Марков позвал Галю. Она вышла из-за брезентового полога. Готовая к походу на новую базу, она была в ватнике и стеганых брюках, заправленных в сапоги. На поясе у нее болталась граната.

Рудин рассмеялся.

– Ну, прямо богатырь наша Галочка!

Галя покраснела и обратилась к Маркову:

– Вы звали меня?

– Рудин интересуется, готова ли рация Бабакина к активной связи.

– До сих пор, как вы знаете, я ежедневно передаю ему только контрольную фразу, что мы на месте, а он отвечает одной точкой. Слышимость отличная.

– А за это время питание не могло иссякнуть? – спросил Рудин.

Галя снисходительно улыбнулась.

– Во-первых, наши батареи очень устойчивые; во-вторых, у него три или даже четыре запасных комплекта. Другое дело, что Бабакин очень медленно работает на ключе, вот это да.

– Ничего, потренируется, – рассмеялся Рудин. – Спасибо, Галя.

Галя ушла в свой радиозакуток. Марков тихо сказал:

– Она просилась с вами в операцию.

– Только этого мне не хватало! – улыбнулся Рудин.

– Она предлагала перебросить ее к Бабакину, чтобы связь между вами и мной была более надежной. Она даже замену себе нашла.

– Где?

– Оказалось, у запасливого Будницкого есть боец с квалификацией радиста.

– Ей-богу, у этого Будницкого все есть, – рассмеялся Рудин.

– Да, золотой комендант нам попался. Мужик из тех, кого забрось в одиночку на Северный полюс, так он там создаст рабочую бригаду из белых медведей.

Они оба посмеялись.

В землянку зашел Коля. На нем был перехваченный ремнем ватник с рукавами, засученными почти по локоть. На базе все называли его в шутку личным адъютантом Маркова, хотя жил он в землянке Будницкого.

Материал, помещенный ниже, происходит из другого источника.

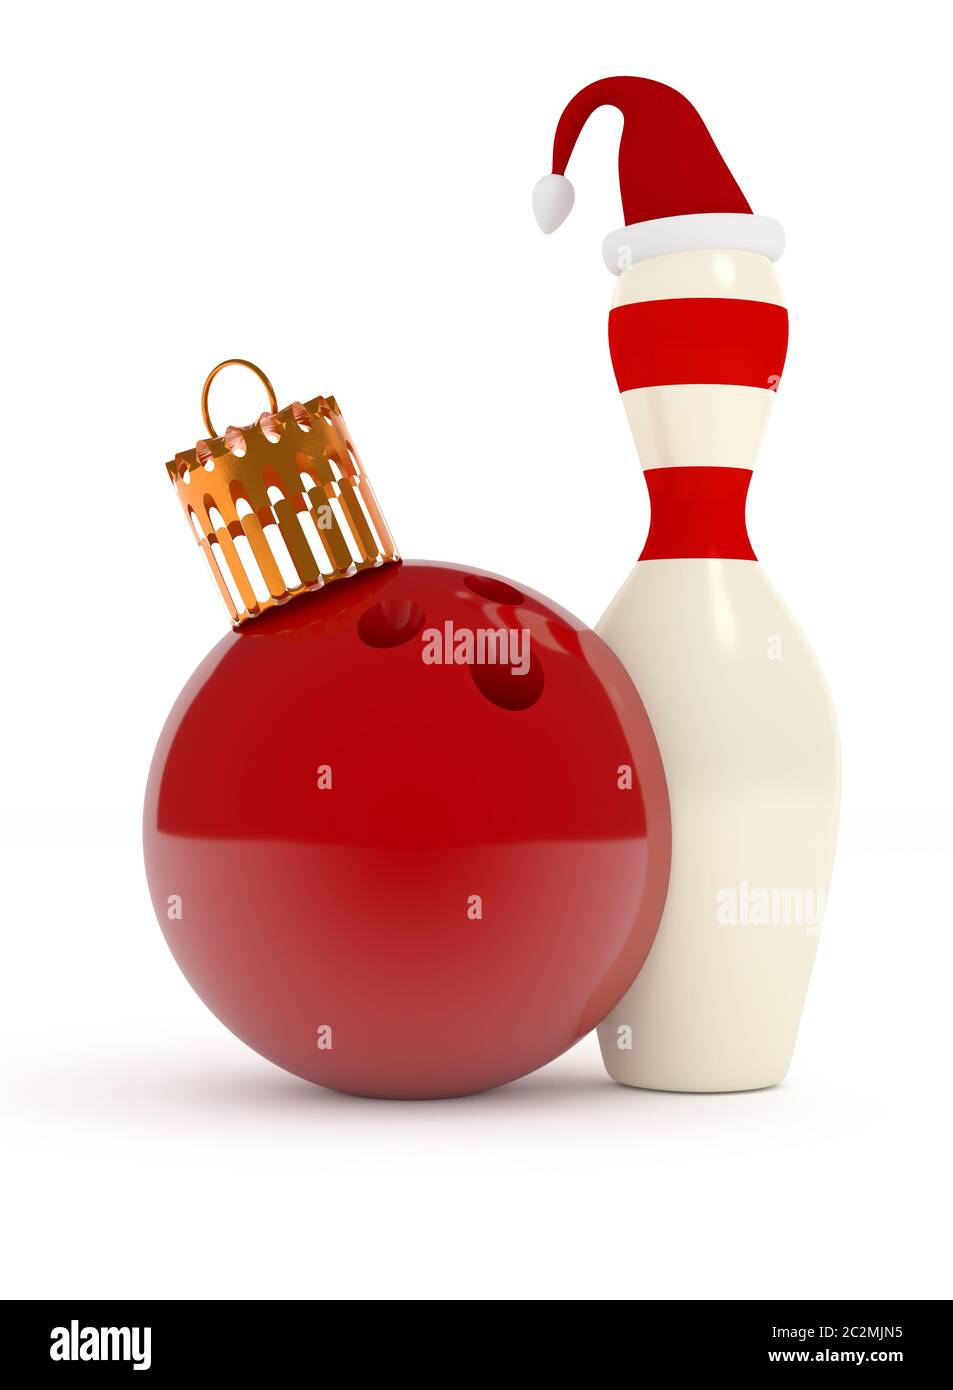 Bowling Kugel als Weihnachtskugel und Pin mit Hut von Santa, Weihnachten  bowling Konzept, 3D-Rendering Stockfotografie - Alamy

– Я готов, – сказал Коля почему-то с виноватым видом.

– Фуфайку надел? – строго спросил Марков.

– Надел…

– Тогда иди к Будницкому, он объяснит тебе твои задачи в походе.

Коля вышел. Рудин кивнул ему вслед.

– Как адъютант? Справляется?

– Старается, – ответил Марков, и глаза его сузились, будто он смотрел вдаль. – Он на моего Саньку чем-то похож. Страшно подумать, какое испытание выпало такой вот детворе. Год сейчас для них считай за пять. И вы знаете, они все прекрасно понимают. Коля как-то сказал мне: «Здорово мне повезло, я, – говорит, – голову ломал, в какой вуз идти, когда десятилетку кончу, и вдруг подвалила война, и я попал в партизанскую академию…»

Так их разговор вдруг ушел далеко-далеко от того огромного и трудного дела, с которого он начался. Но дело это неотступно стояло рядом и сейчас же напомнило о себе. Галя принесла только что принятую шифровку из Москвы. Марков прочитал ее и передал Рудину.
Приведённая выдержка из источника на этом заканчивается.